Ray Ogden

No. 28, 29, 38
- Position: Tight end

Personal information
- Born: September 2, 1942 Jesup, Georgia, U.S.
- Died: October 17, 2019 (aged 77) Brunswick, Georgia, U.S.
- Listed height: 6 ft 5 in (1.96 m)
- Listed weight: 225 lb (102 kg)

Career information
- High school: Jesup
- College: Alabama (1961-1964)
- NFL draft: 1965: 3rd round, 40th overall pick
- AFL draft: 1965: 8th round, 58th overall pick

Career history
- St.

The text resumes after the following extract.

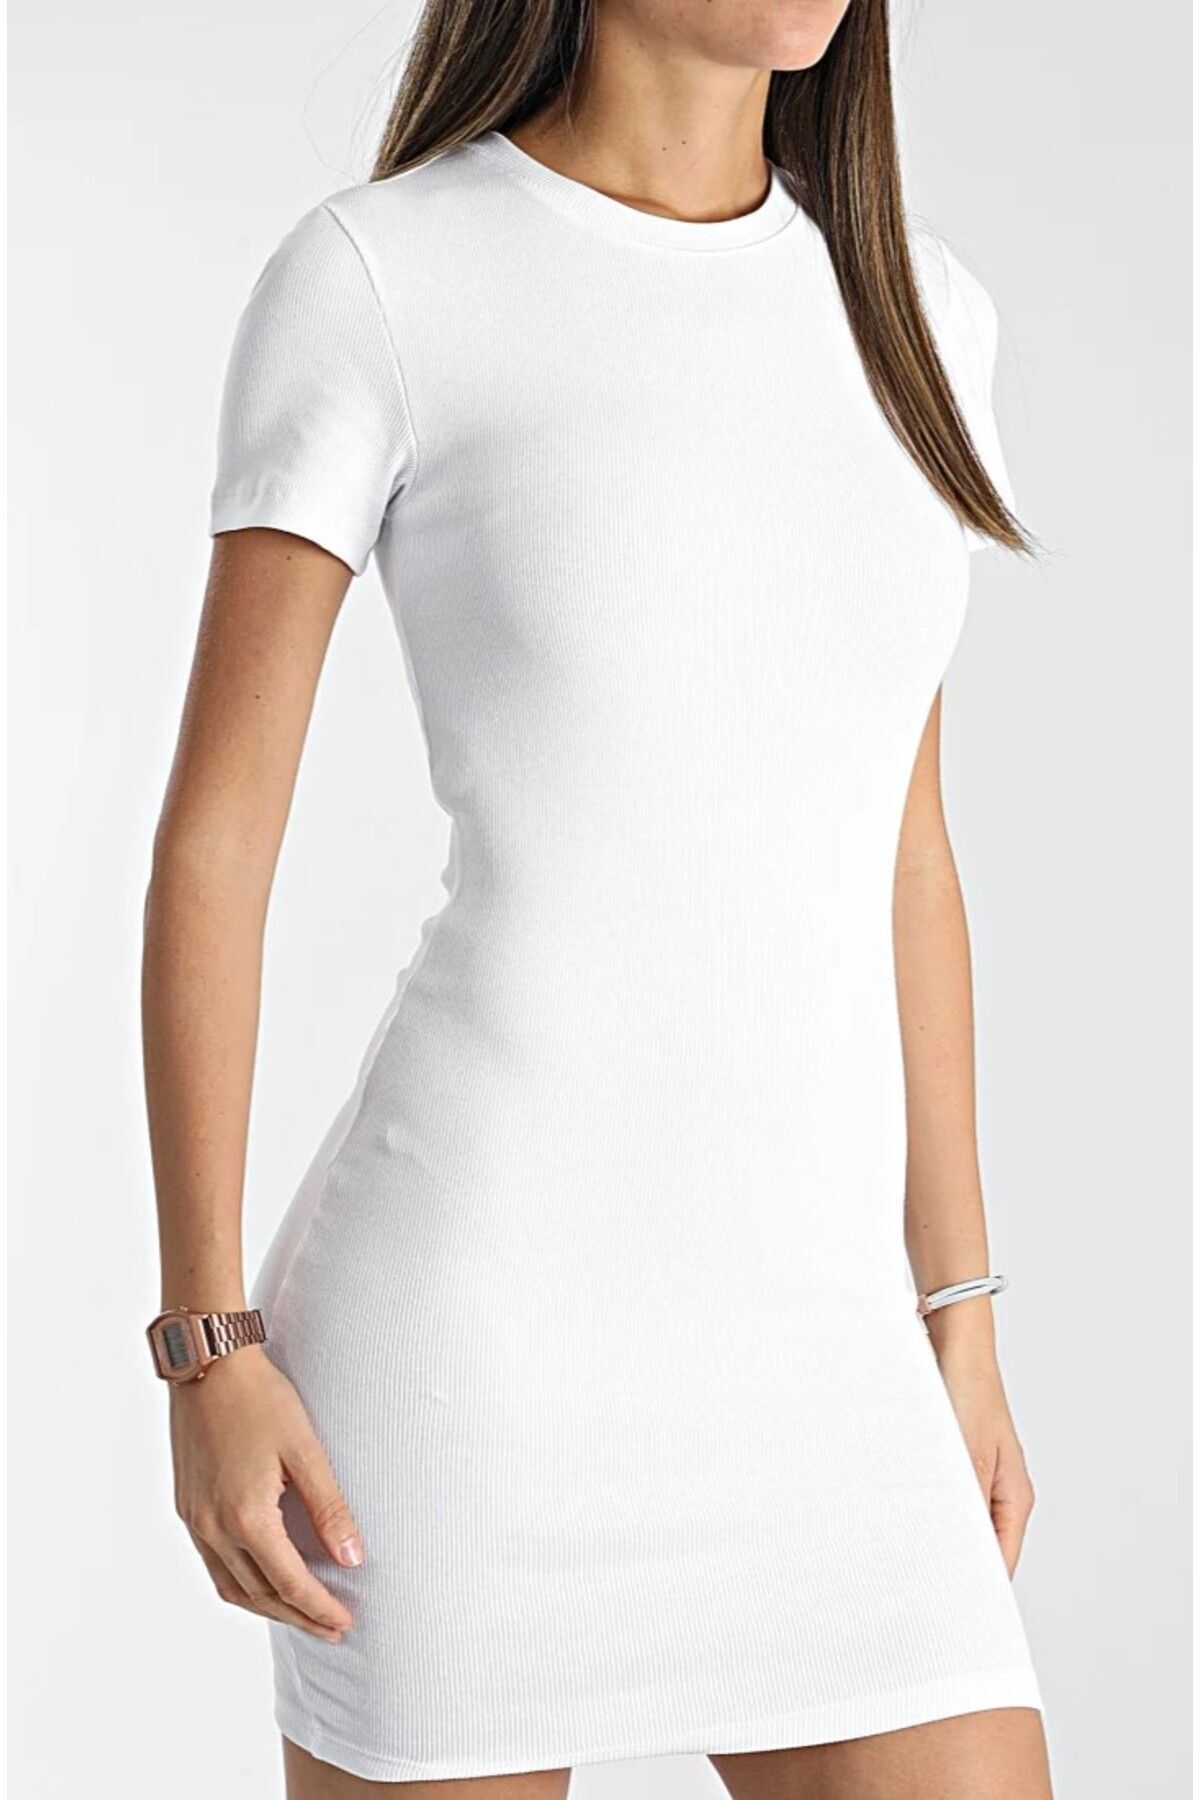 KaSheHa Beyaz Kaşkorse Kumaş Vücuda Oturan Fitilli Full Esnek Mini Elbise 85 Cm

Louis Cardinals (1965–1966); New Orleans Saints (1967); Atlanta Falcons (1967–1968); Chicago Bears (1969–1971);

Awards and highlights
- National champion (1964);

Career NFL statistics
- Receptions: 53
- Receiving yards: 885
- Touchdowns: 4
- Stats at Pro Football Reference

= Ray Ogden =

American football player (1942–2019)

Raymond Douglas Ogden (September 2, 1942 – October 17, 2019) was a former professional American football tight end. He played college football at Alabama, where he won a national championship in the 1964 season. He played seven seasons for the St. Louis Cardinals (1965–1966), the New Orleans Saints (1967), the Atlanta Falcons (1967–1968), and the Chicago Bears (1969–1971) in the National Football League (NFL).